When asked if sand training, like the kind employed by the University of Michigan football program, would make sense in preparing Marines for deployment, Massimo adds, "I'm an advocate of it, and that's something we're exploring. Again, the whole reason for the program is to prepare them for what they're going to see in combat. So the more specific we can get to that, the better. New River is actually thinking about putting a sand pit outside the facility. It all depends on space requirements."

At 4,000 square feet, the facility at New River (home to 6,500 active-duty Marines) will be roughly half the anticipated size of the largest HITT centers, and some USMC installations will have more than one. Camp Pendleton, which houses 56,000 Marines, could accommodate as many as 10 separate HITT centers, according to Bryan Driver, who handles public affairs for the Marines' Morale, Recreation, Wellness and Business Operations Division at Marine Corps Base Quantico, Va.

The indoor facilities will allow for additional HITT endeavors involving TRX suspension-training equipment, Jacob's Ladder climbing equipment, Cybex cardio and functional-strength equipment, and handheld kettlebells. The key in any piece of chosen equipment, according to Massimo, is force production. "Some of the equipment we're going to be utilizing is equipment that produces force," he says. "Olympic lifts produce force from the ground, but we also want to produce force while Marines are running, hiking up a hill with all that gear on their backs or doing any type of movement in combat.

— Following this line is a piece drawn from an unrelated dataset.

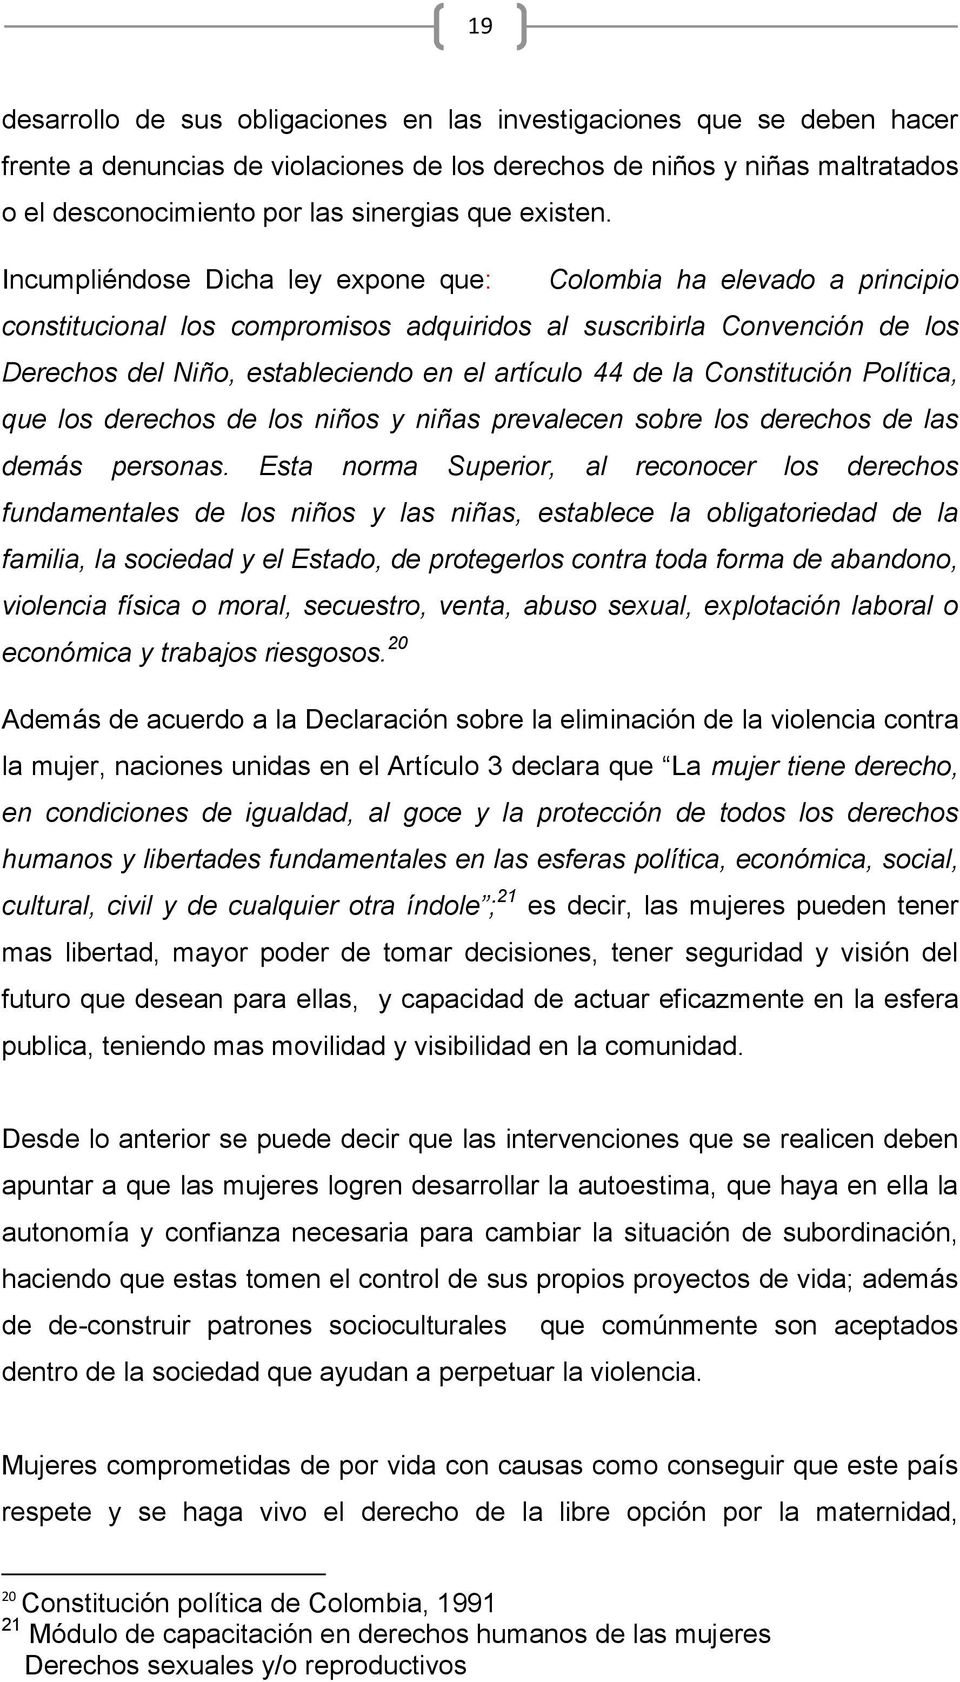 Incumpliéndose Dicha ley expone que: Colombia ha elevado a principio constitucional los compromisos adquiridos al suscribirla Convención de los Derechos del Niño, estableciendo en el artículo 44 de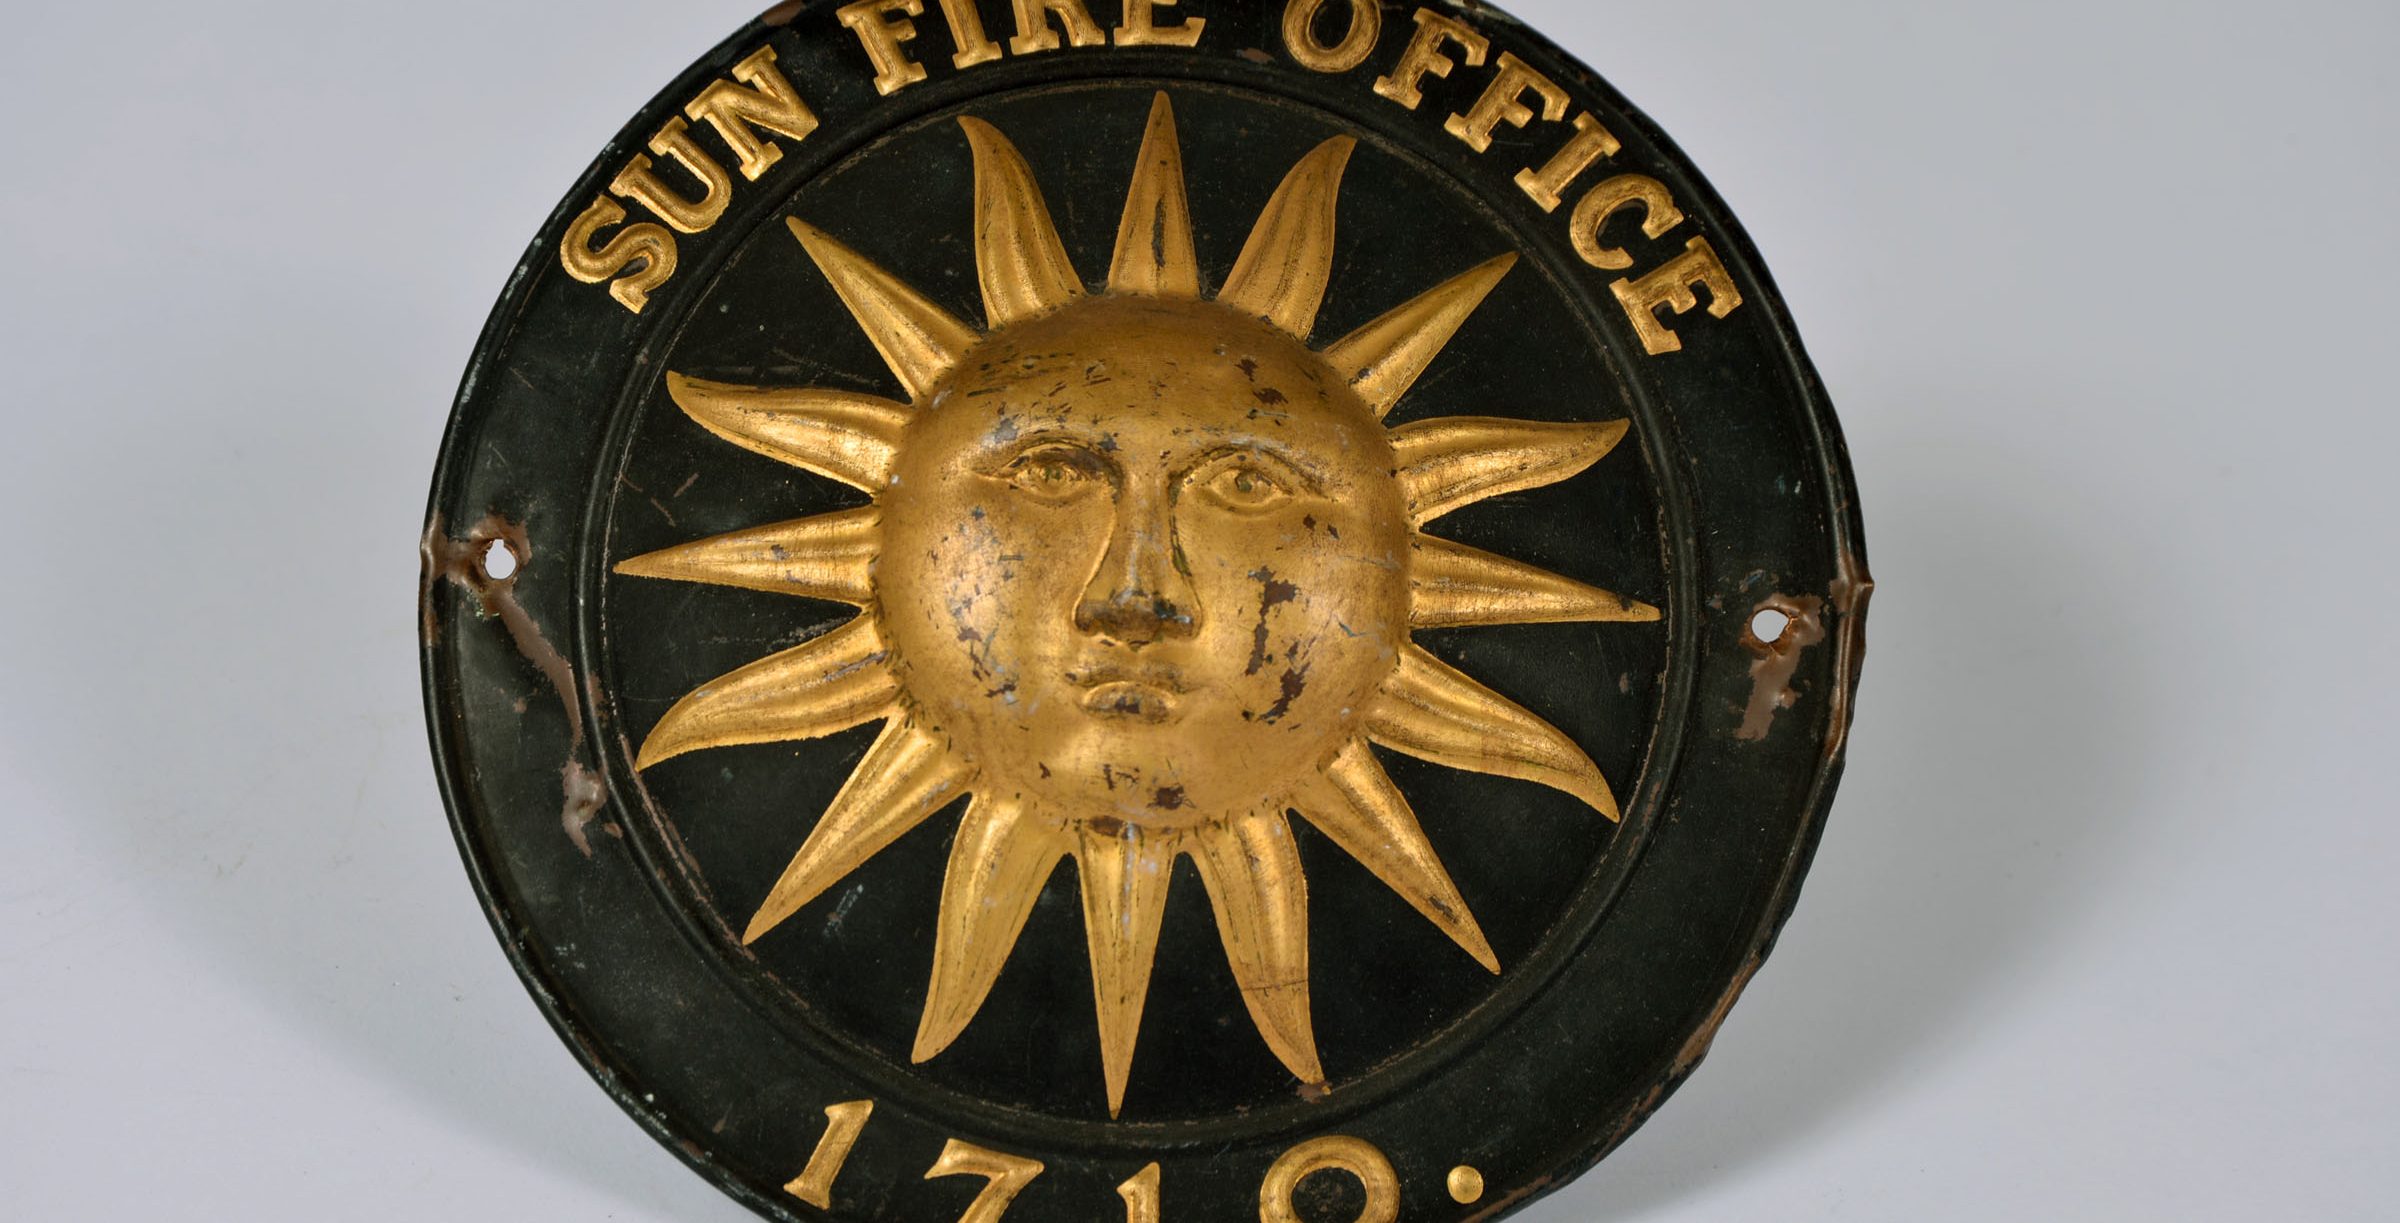 MH Museum Case11 Sun Fire Office 1710 Plaque Aspect Ratio 785 400

So while Olympic lifts teach a stationary force production, we use other pieces of equipment that emphasize mobility as force production, as well."

How each HITT center should look is not written in stone, but the goal is to standardize the program's implementation among USMC installations, according to Massimo. And while HITT remains a program Marines can call their own, aspects of it might one day spread throughout the Department of Defense. "A lot of the branches are constructing facilities toward combat readiness and resiliency," Massimo says. "What's coming down the road is possible research of this program, where they're looking at this being a best practice in terms of a high-intensity program DoD-wide."

As for today's chiseled Marine? You can bet those dress blues have a sweat-soaked T-shirt behind them (figuratively speaking). The Few. The Proud. The Fit.

"When you're done with your dynamic warm-up, you're really sweating," Chapell says of the 10-minute HITT prelude - Inchworm and all. "To a lot of people, the dynamic warm-up in itself is hard enough to be considered a workout."

Driver, who served in the Army, admits he's not a "PT freak," but he has a new appreciation for those among the Marines who are. "I went out and watched them do this," he says of an actual HITT workout. "The guys were suffering. They were like, 'Oh, God, I hate this.' They hate it, but they love it."